The static analysis of a realistic ARM9 microprocessor depends greatly on its hardware components and may even be impossible to perform. For example, the cache replacement policy of ARM9 is typically Pseudo-Random. This replacement policy is highly unpredictable and precludes, to the best of our knowledge, the application of static analysis methods to determine approximations about the actual cache dynamic behavior. Indeed, state-of-the-art cache analysis consider either Least Recently Used LRU, First-In-First-Out FIFO or Pseudo- LRU PLRU [55]. For this reason, and for sake of simplicity, we restrict our calculational approach to abstract cache analysis using the LRU replacement policy, for which we give a correctness proof by construction.

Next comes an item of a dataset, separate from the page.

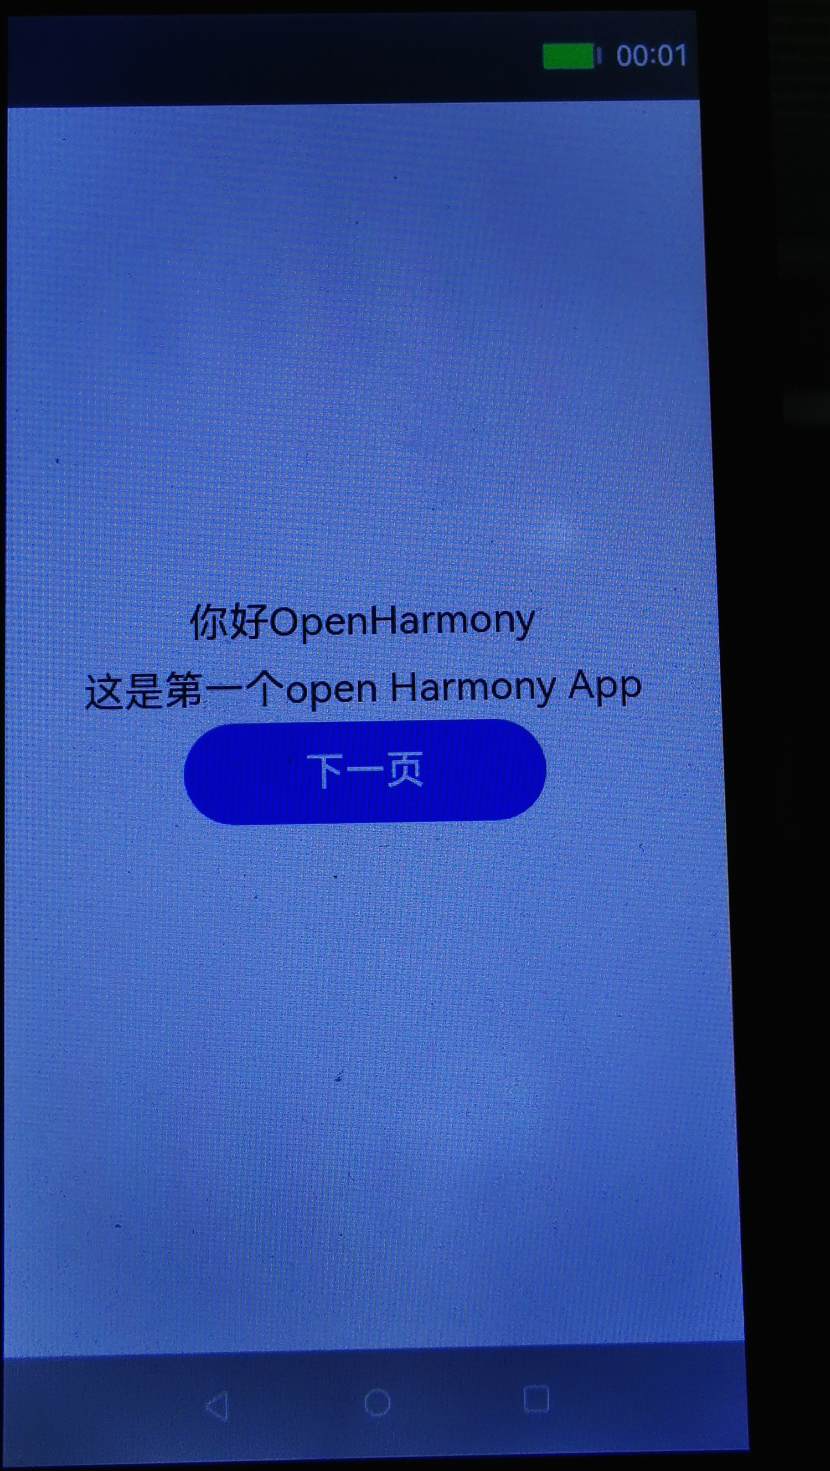 在OpenHarmony2.0 上安装自己的系统应用-开源基础软件社区

Furthermore, recent published work on automatic generation of timing models from VHDL microprocessor specifications [118], would allow the automatically generation of Haskell code to include the pipeline timing model of ARM9. Although some progress was made in this direction in cooperation with AbsInt GmbH [2] and in cooperation with the Compiler Lab Design at Saarbr¨ucken University, the results of such work are not mature enough and are, therefore, outside the scope of this thesis. Of course, the absence of a realistic timing model for ARM9 will influence the uniformity of our WCET estimates when compared to AbsInt’s tool, for example.